As a starving flight instructor working my tail off to make ends meet, I did some ‘interesting’ flying.

(Editors note: no specific dates, locations, or names are used in this story to protect me from any bad-guys that were on the receiving end of this operation)

 

A flight that stands out is a trip to a nearby big city and back. Normal ops, except this was a dual-purpose mission. One of my students was a local deputy on loan to the DEA as an undercover agent. So some of our lessons were done with ‘alternative plans’ in mind.  In this case, we needed to do a cross-country flight for his PPL so he coordinated going to the city to pick up some ‘items’ from the D.E.A office for a little sting operation – cool! I’m like a drug interdiction pilot!

We flew up and it was a nice day, but hot. We shut down and loaded the ‘items’ on board and jumped back into the C-172.  This particular airplane is an older model with the 145 hp Continental, not exactly over-powered.

The airport we used was not huge, but no problem for a light airplane. I had flown in and out of there before, but it is buried in the middle of suburbia, so an engine failure would not turn out well.

We lined up for a takeoff to the south. My student was flying from the left seat. The takeoff was sluggish, but not really different than usual on a hot day with this airplane.  About 200′ agl we stopped climbing! The throttle and mixture were full forward, airspeed at Vx, nose in the proper pitch attitude, but the VSI was zero. I monitored momentarily and then based on the situation, I told my student, “I have the controls.”

Of course, the airplane doesn’t care who’s flying so the situation didn’t improve. We were hovering over the expanse of houses and buildings at 200′ and running out of ideas. I made the decision to go back to the runway and made a tear drop back in, with the throttle firewall’d.

Turning caused us to sink, but I had just enough altitude to make the runway and due to its short length and the tailwind, I went off the end into the grass overrun with the brakes locked.  I was only a few yards off the end and although it was rough, the airplane was unscathed.

(Disclaimer: Turning back to a runway with an engine failure at 200′ will almost certainly never work, remember we still had some power being produced).

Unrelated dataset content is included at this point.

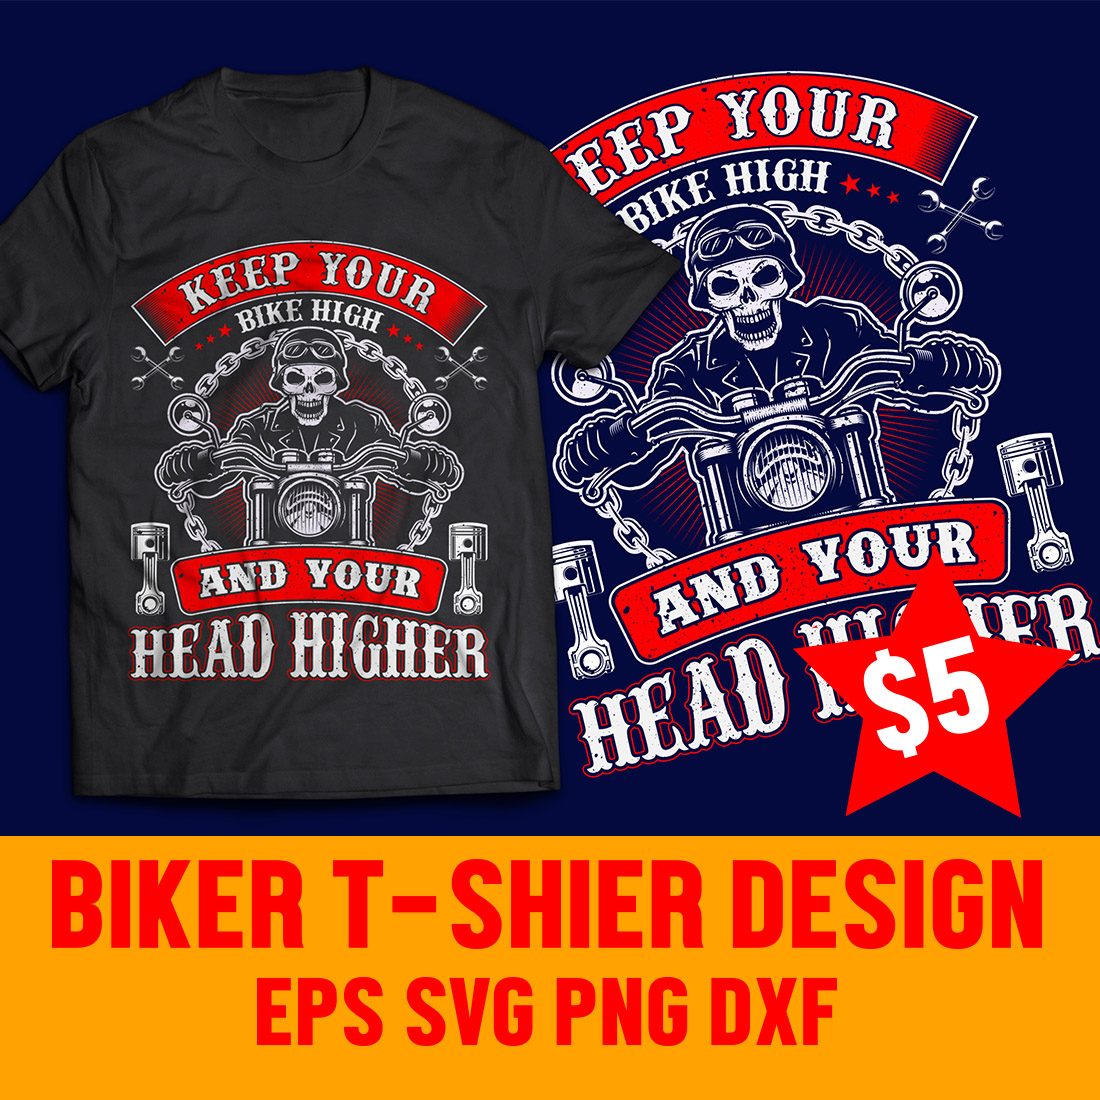 Creative Motorbiker T-shirt Design cover image.

I taxied back to the FBO with the engine running fine, in fact it didn’t seem to falter the whole flight in spite of our lack of thrust.

I called my boss, who owned the airplane, and he dispatched to the scene in his Cessna 210.  We looked the 172 over top-to-bottom and couldn’t find anything wrong with it. We did several runups and it made normal static RPM each time.

I flew back to base with my student in the C-210 and my boss carefully ferried the C-172 home without further issue. The airplane was turned over to maintenance.

I started questioning what had occurred. Was I imagining things? Did I do something wrong to cause this? Did my student do something wrong that I didn’t recognize? It is hard not to be introspective when you narrowly avert an accident and no one can explain what happened.

My dad was one of the mechanics at the FBO at the time and he made the discovery. He removed the fuel line going into the carburetor and the screen that lead into the carb was full of red lint! Seems a red rag was inside the right fuel tank, probably from years ago. That rag was slowly decaying and being trapped by the screen. This lint would have lowered the fuel flow going into the carb, especially in a climb on a hot day with a gravity fed system.

I was relieved, to say the least.

And yes, they did bust the bad-guys.